That may also turn out to not be the case.  What I will most likely do is see what people think of the earlier modules, and then buy whichever one we're up to when the official conversion comes out and see if it saves me time or not.  I think one of the biggest benefits is that from what I've heard, some additional encounters and side plots have been added to flesh out the story and add some needed experience to keep people at the right levels.  That could well be worth it right there.  

In any case, my player group seems to be enjoying WotBS so far (we're traveling between the Fire Forest and Seaquen now), and I definitely recommend it.  It's great that it's being converted over to 4E.  For people new to the saga, you won't have made sweeping changes to the background the way I have done, so the conversion will definitely work better for you.


----------



## Marius Delphus (May 27, 2009)

kumagroo said:


> Torrent's Refreshing Wave power is described as Close Burst 3, but has the blast symbol before it.  I assume the text is correct, but I wanted to make sure, since I didn't know if, for flavor purposes, it's supposed to a wave lashing out in one direction.



The text is correct, and so's the icon; that's the "Close" symbol, as opposed to the "Area" symbol, which is the six-arrow thingy. (Check out the Inquisitor on page 18 for an example.)

[EDIT] I was working on an icon scheme inspired by the "Power Cards" threads that would have differentiated between Close Burst and Close Blast, but I discarded it.
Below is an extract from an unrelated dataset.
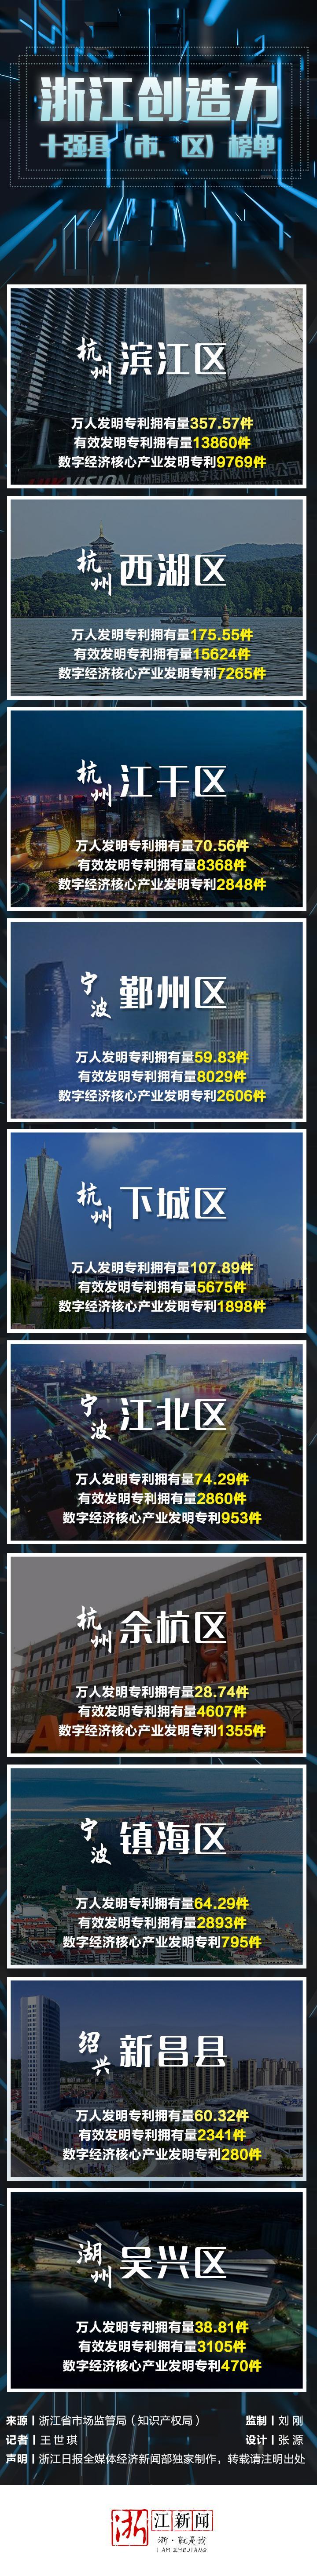 【浙江榜单】2019年度浙江省创造力十强县(市、区)名单

The only remnants of that scheme are the "arrow" Ranged icon I'm using (no bow) and the "right pointing triangle" icon I'm using for constant/untargeted/whatever abilities, where WOTC isn't putting an icon at all (something that irked me enough to change). I left everything else pretty much the same, except I redrew the icons themselves and tilted the "sword" Melee icon 45 degrees.[/EDIT]



> Looking forward to seeing adventure one, though I won't request a gif file unless it's going to be later than June 12th.



I certainly want to have it done by May 31st. Wish me luck!


----------



## Morrus (May 27, 2009)

Zinovia said:


> That may be fine, but it feels grafted on. There are powers such as the fear ability on the Inquisitor that should be attacks vs. Will (just like dragon fear), but instead happen automatically.




Is there an example in the MM of an aura requiring an attack roll?  As far as I know, auras _never_ require attack rolls, and flipping through the MM I can't find a creature with an aura which has one - all the auras apply a flat penalty or effect.


----------



## RangerWickett (May 27, 2009)

Swarms, I think. Stirge swarms, for instance, make an attack whenever someone starts their turn in the aura.


----------



## Zinovia (May 27, 2009)

Morrus said:


> Is there an example in the MM of an aura requiring an attack roll?  As far as I know, auras _never_ require attack rolls, and flipping through the MM I can't find a creature with an aura which has one - all the auras apply a flat penalty or effect.




You are correct.  When I looked it up quickly I had thought it was an aura effect that dragons were using to cause fear.  I was mistaken.  My apologies.  Auras do not make attack rolls, the effect or damage just happens (the majority of the time).


----------



## merchantsteve (May 28, 2009)

Zinovia said:


> There are other issues I have had with how the 4E conversion was done in the Campaign Guide and Player's Guide.  It seems to me that the conversion is trying to preserve too much of the 3.5 mechanics.  You've got rules in there for using the old Diplomacy "faction" levels (Hostile, Neutral, Helpful, etc.).  That may be fine, but it feels grafted on.  There are powers such as the fear ability on the Inquisitor that should be attacks vs. Will (just like dragon fear), but instead happen automatically.  NPC's have too many different abilities (not a big issue, but it doesn't quite fit in with 4E's typical means of constructing enemies).  A lot of the crunch rules such as prestige classes that were in the 3.5 version don't translate well into their 4E counterparts.




I really enjoy your tiefling ideas BTW. I chose to be more traditional because this is a conversion and not a total rewrite. Some things are just sacrosanct in publishing... Even so, there are some twists that I hope you will appreciate. Stay tuned!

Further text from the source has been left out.